Data extract:
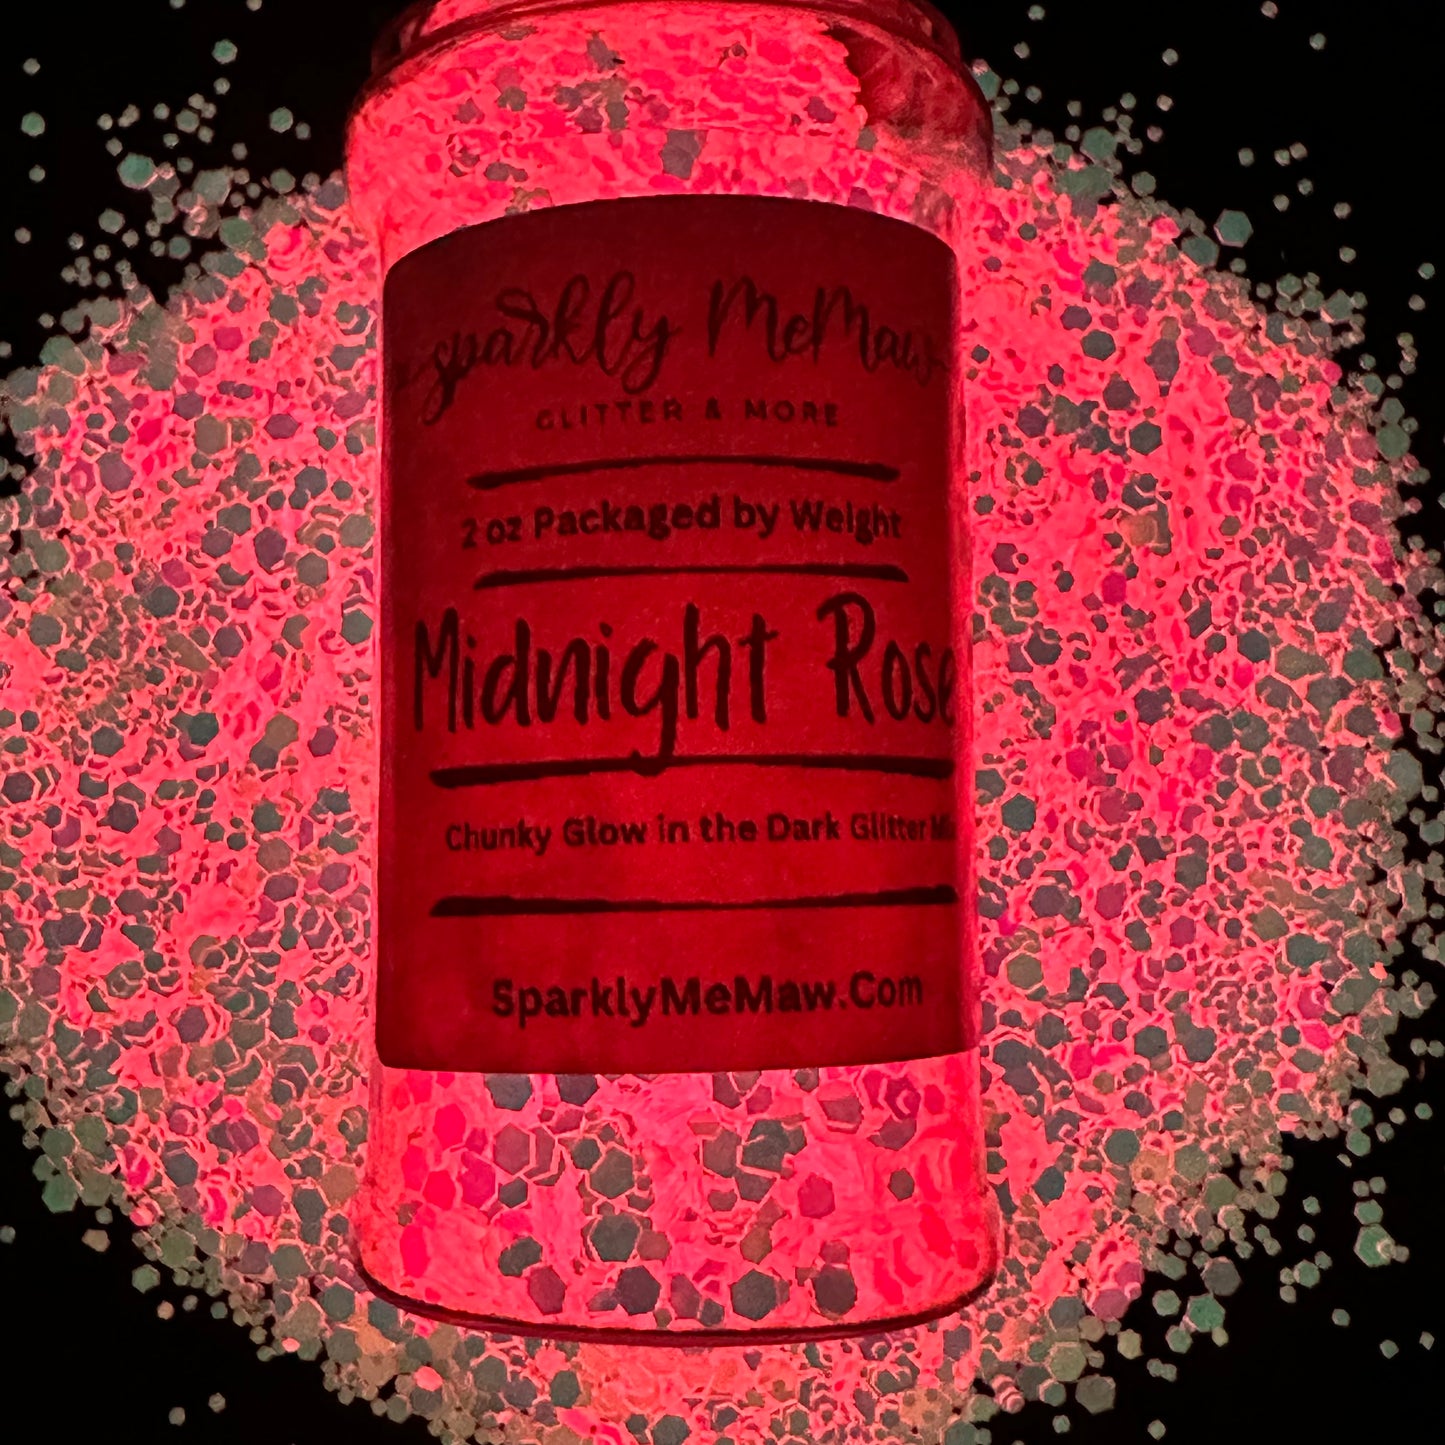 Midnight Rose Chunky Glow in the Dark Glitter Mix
--
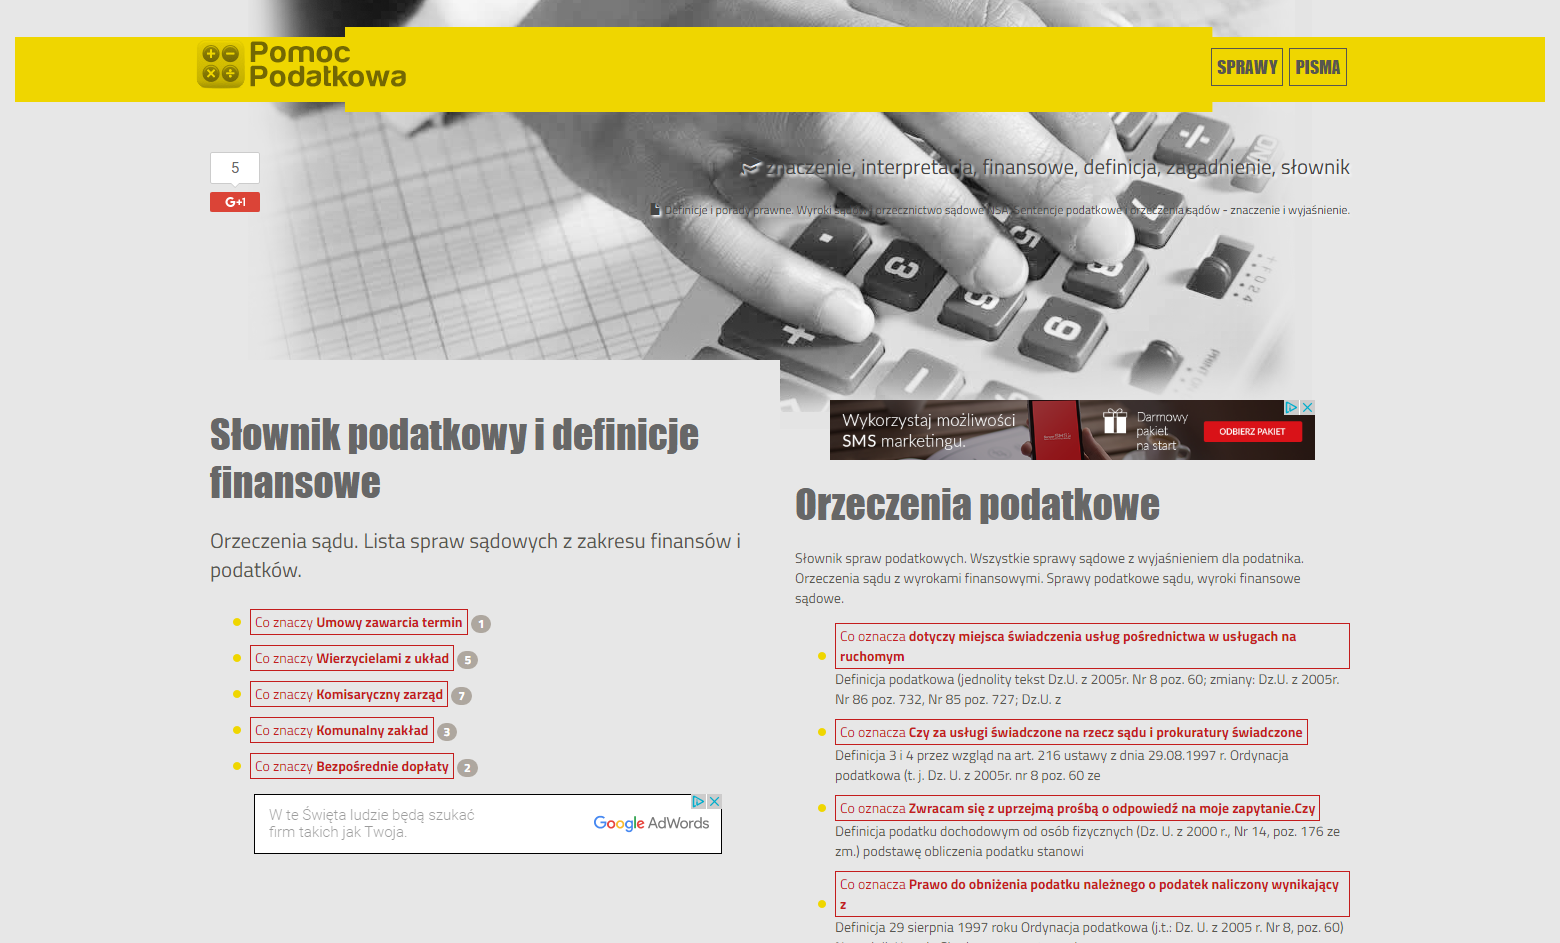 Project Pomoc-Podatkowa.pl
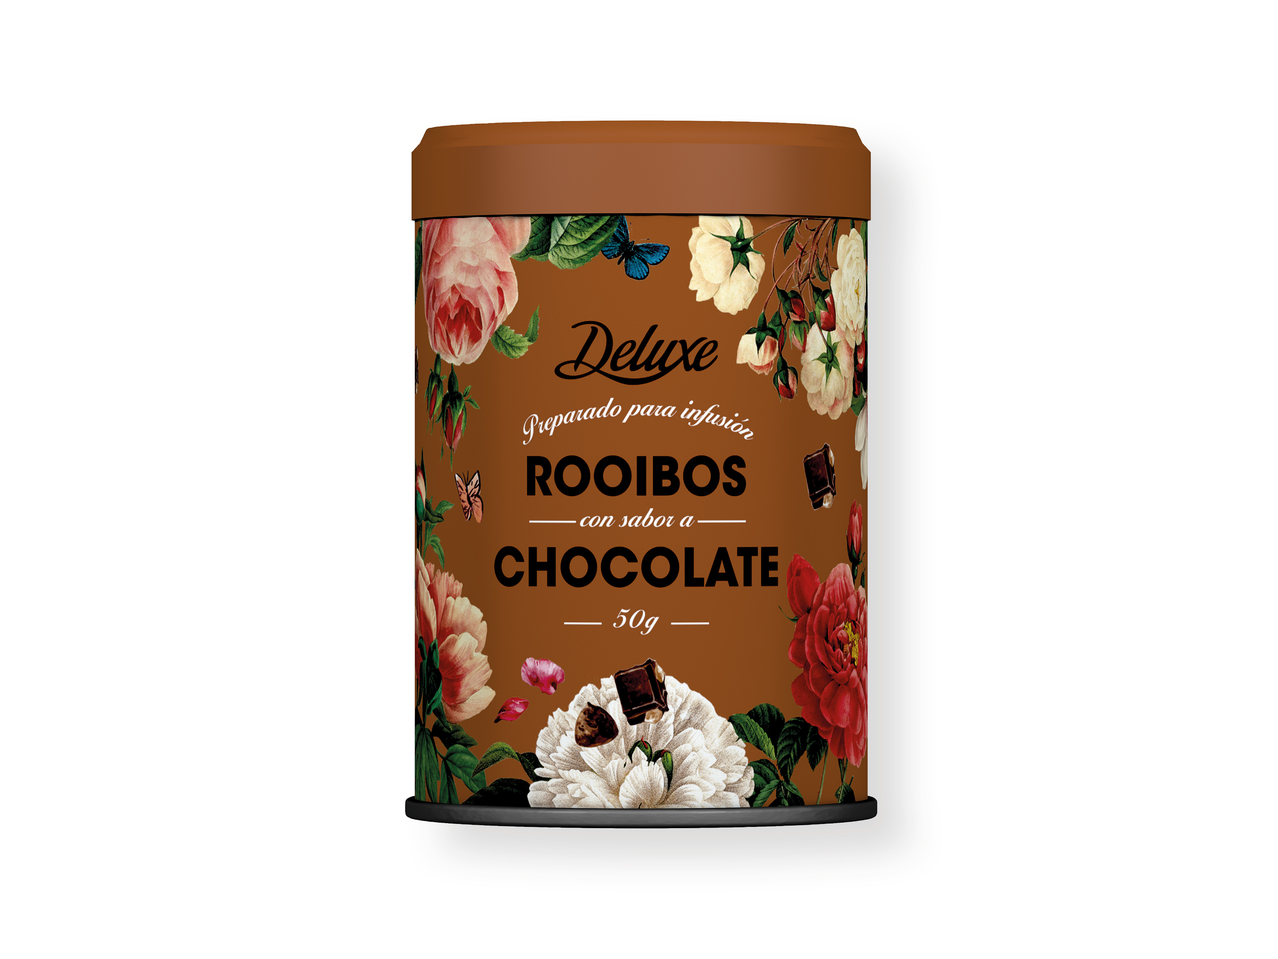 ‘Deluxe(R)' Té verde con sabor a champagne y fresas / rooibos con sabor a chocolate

Work to be completed: Go to the line above that contains "Project Pomoc-Podatkowa.pl" and reproduce everything exactly from there through the line that contains "sabor a chocolate", leaving out the pictures.

Result for this exercise:
 Project Pomoc-Podatkowa.pl
 ‘Deluxe(R)' Té verde con sabor a champagne y fresas / rooibos con sabor a chocolate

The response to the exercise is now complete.